Such leads are typically characterized as unipolar leads if they comprise only a single active pace/sense electrode and/or a cardioversion/defibrillation electrode. In the pacing context, a unipolar lead is coupled with a unipolar IPG, wherein the electrically conductive IPG housing or “can” comprises a return or indifferent pace/sense electrode or anode electrode. Unipolar pacing and sensing takes place between the lead-borne active pace/sense electrode and the housing indifferent pace/sense electrode. A bipolar lead comprises at least two lead conductors coupled to a bipolar IPG and extending to an active pace/sense electrode, typically located at the distal end of the lead body, and an indifferent pace/sense electrode, typically located on the lead body proximal to the distal active pace/sense electrode.
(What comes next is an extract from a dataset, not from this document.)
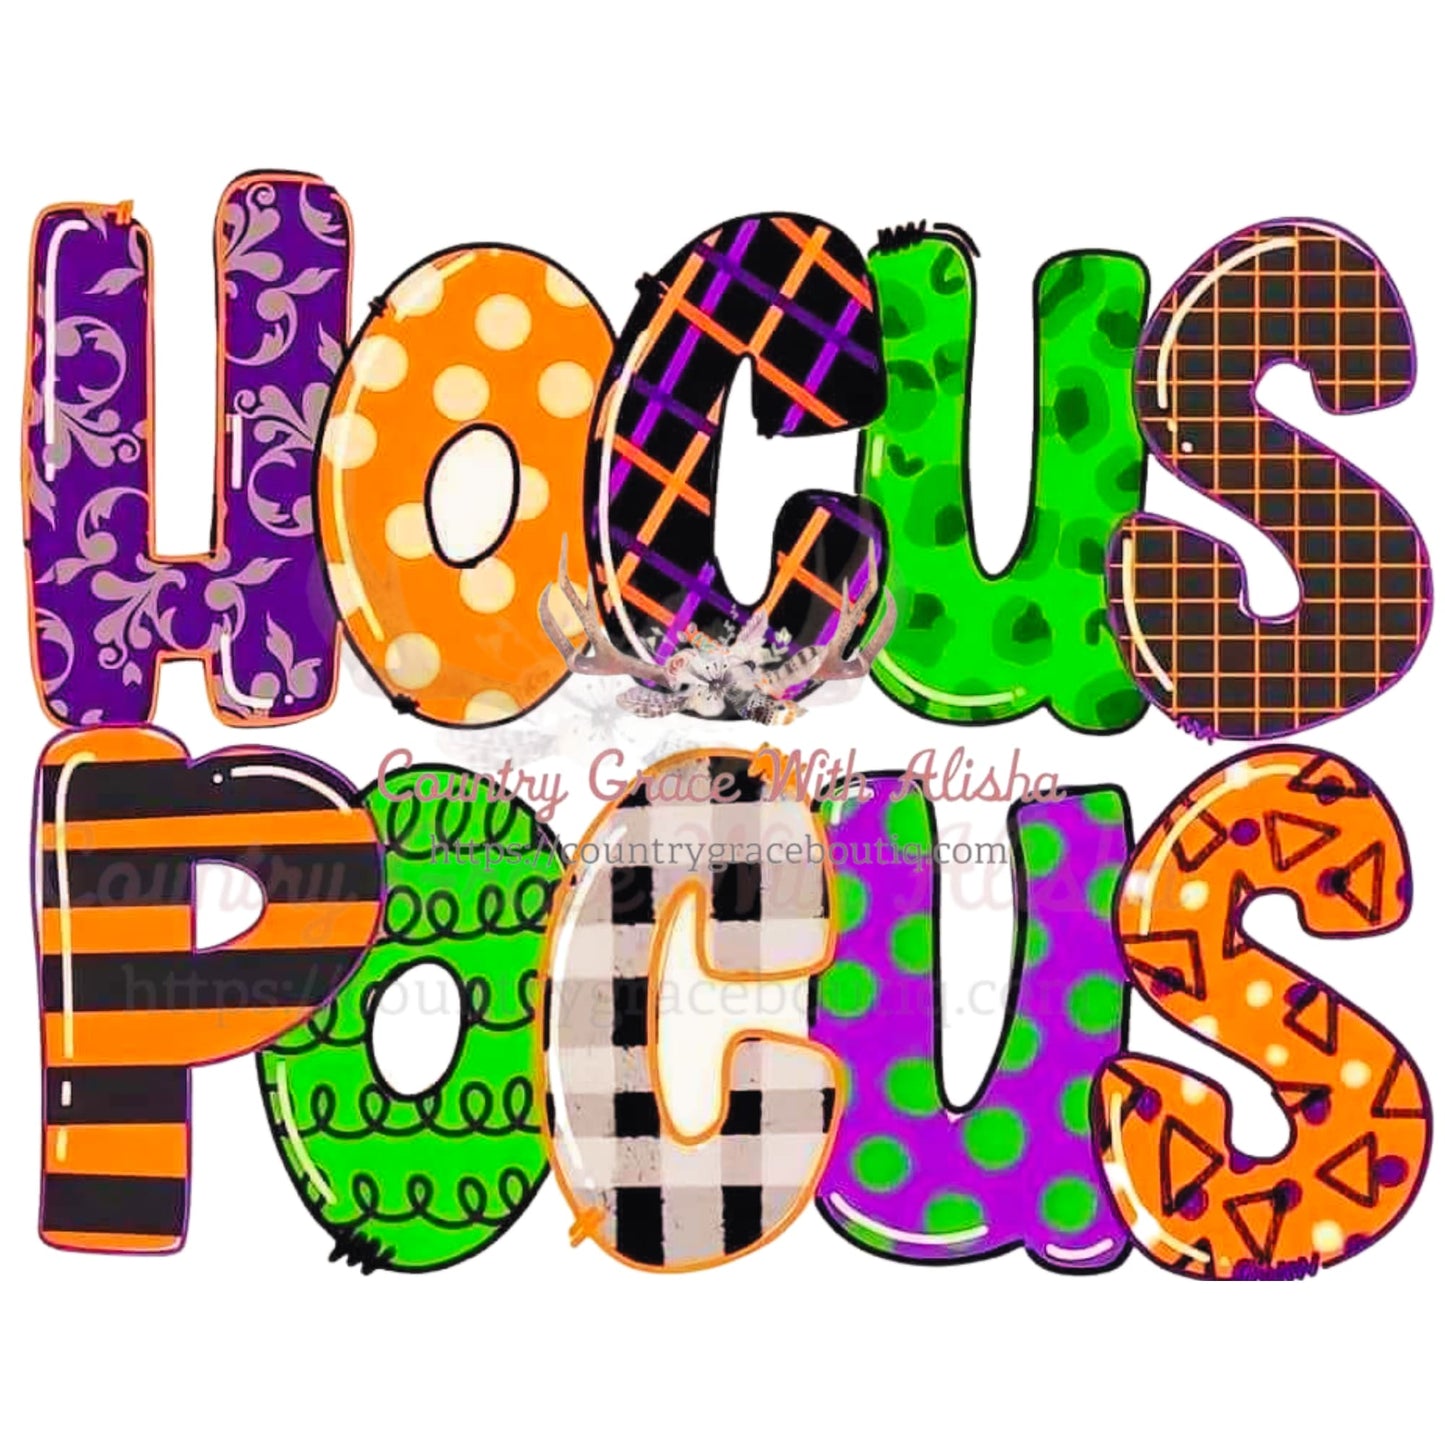 Hocus Pocus Sublimation Transfer - Sub $1.50 Country Grace

Bipolar pacing and sensing takes place between the lead-borne active pace/sense electrode and indifferent pace/sense electrode. In the bipolar configuration, the indifferent pace/sense electrode is usually a ring-like structure, referred to as the “ring” electrode, located proximal to the distal active pace/sense electrode, by about 0.5 cm to 2.5 cm. In this context, bipolar and unipolar sensing may also be referred to as “near-field” and “far-field” sensing, respectively. (Although “far-field” usually denotes sensing outside the chamber of interest, and the unipolar signal derived from such a unipolar pace/sense electrode pair is dominated by the near-field tip electrode signal.)
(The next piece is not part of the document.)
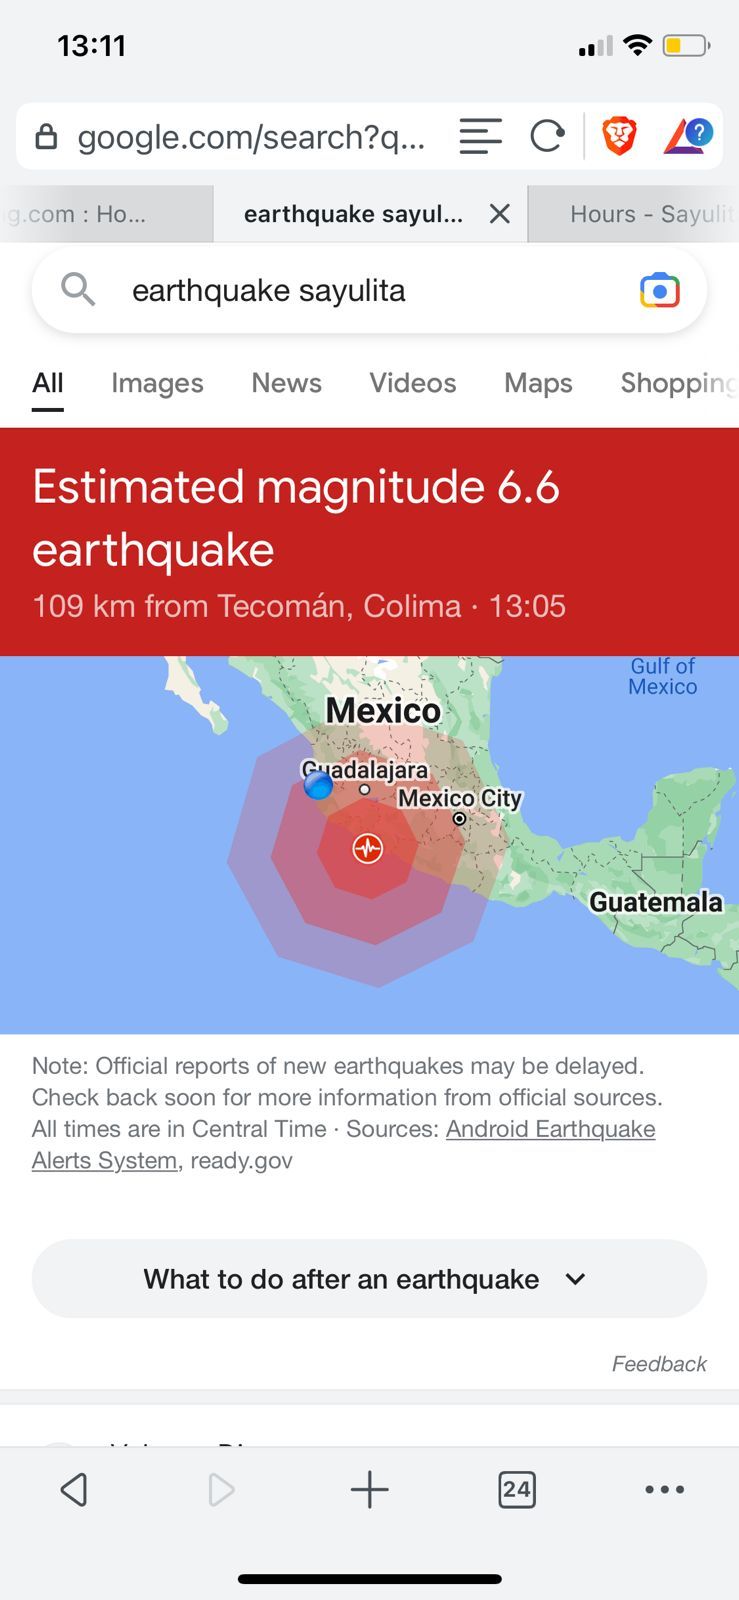 The earthquake

A pacing IPG capable of pacing in atrial synchronized modes typically includes atrial and ventricular sense amplifiers, atrial and ventricular pace pulse generators or “amplifiers”, an operating system governing pacing and sensing functions, and components as described further herein in relation to a preferred embodiment of the invention.
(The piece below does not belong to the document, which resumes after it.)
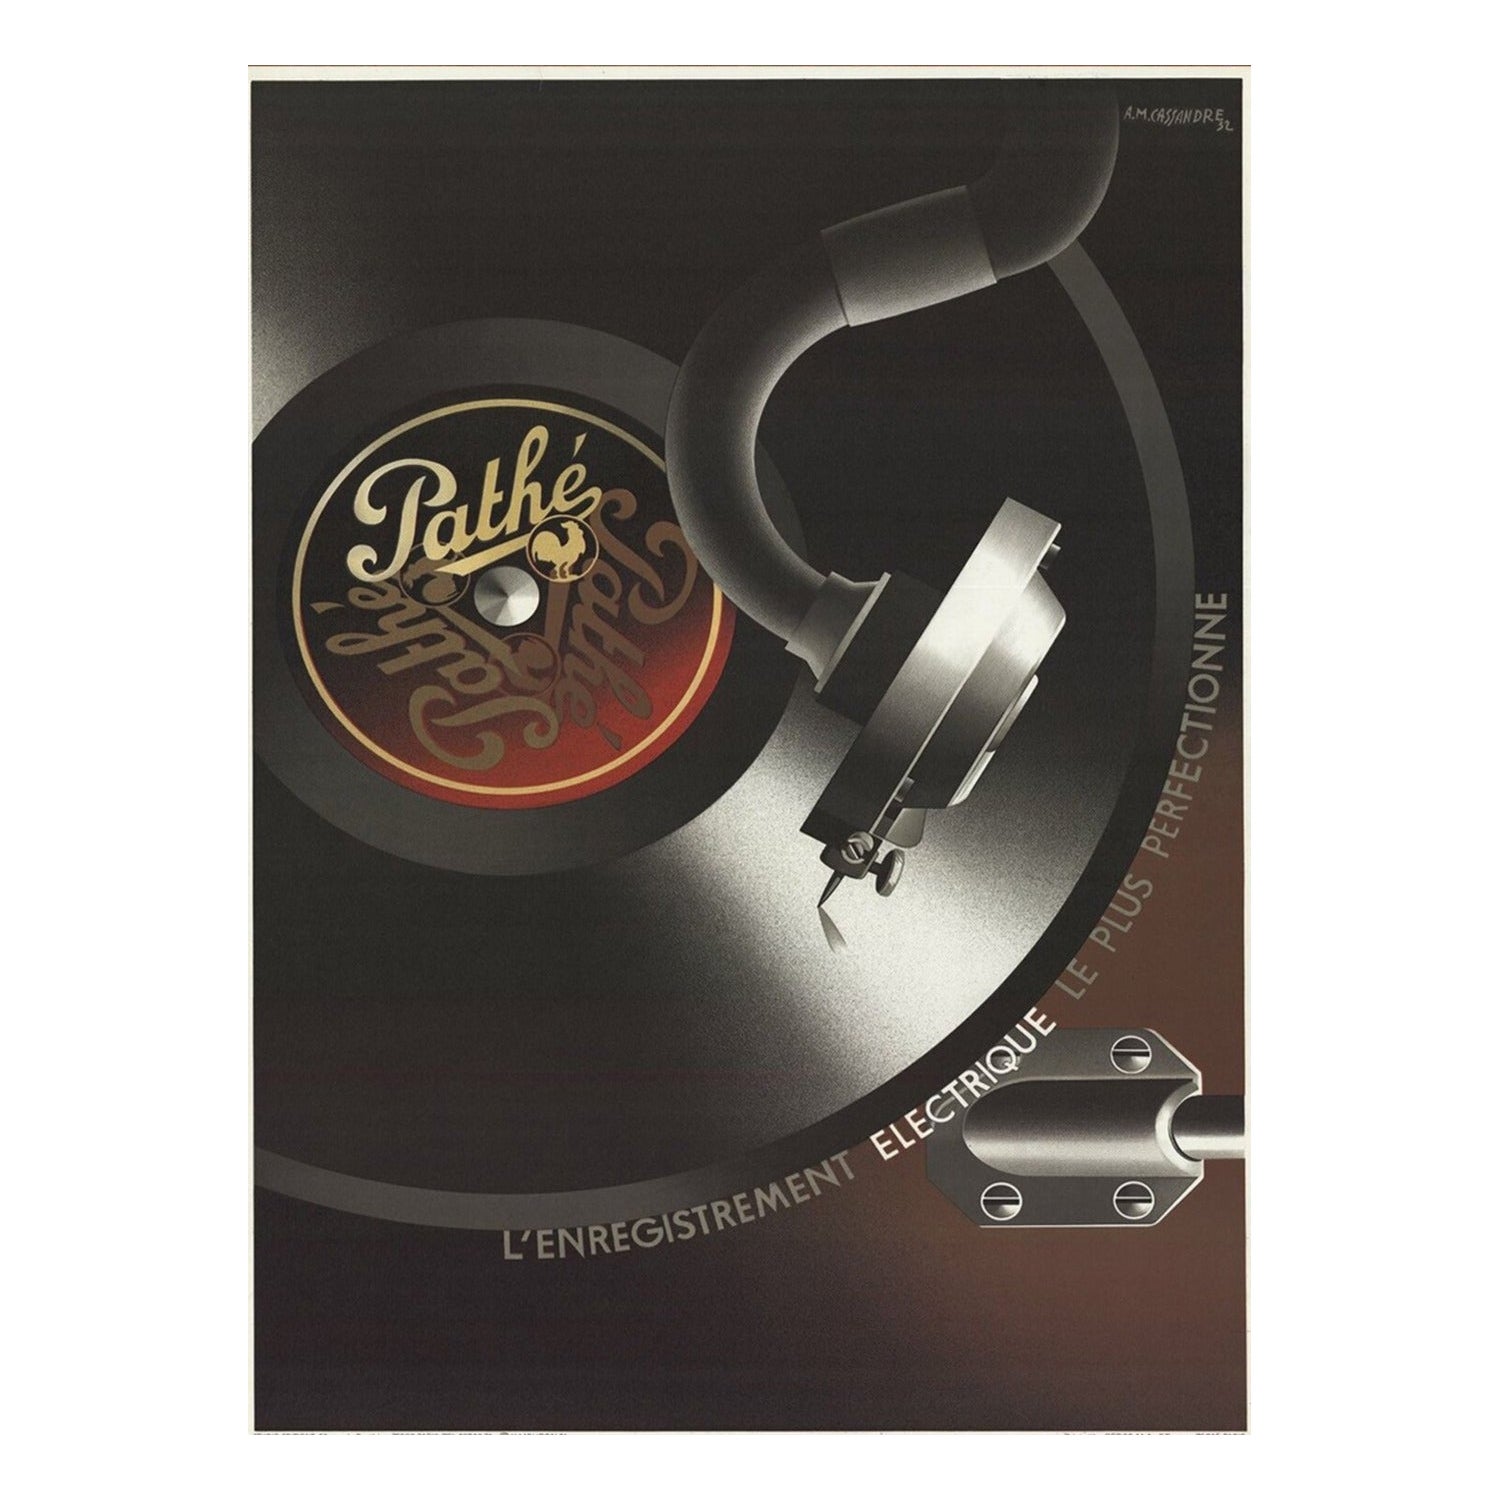 1981 Pathe Record Player, Original-Vintage-Poster

In the typical dual chamber DDD pacing system, an atrial pacing (A-PACE) pulse generated by the atrial pace pulse generator is applied to the right atrial active and indifferent pace/sense electrodes to cause the right and left atria to depolarize. Similarly, a ventricular pacing (V-PACE) pulse generated by the ventricular pulse generator is applied to the right ventricular active and indifferent pace/sense electrodes to cause the right and left ventricles to depolarize. In more recently developed right and left heart pacing systems, pacing pulse generators and leads are incorporated into the pacing system to provide A-PACE and/or V-PACE pulses to the left atrium and/or ventricle.
The atrial sense amplifier is coupled to atrial active and indifferent pace/sense electrodes to detect electrical signals of the heart associated with atrial depolarizations (P-waves) and to generate an atrial sense event (A-EVENT) signal when detection criteria are met. The ventricular sense amplifier is coupled to ventricular active and indifferent pace/sense electrodes to detect electrical signals of the heart associated with ventricular depolarizations (R-waves) and to generate a ventricular sense event (V-EVENT) signal when detection criteria are met.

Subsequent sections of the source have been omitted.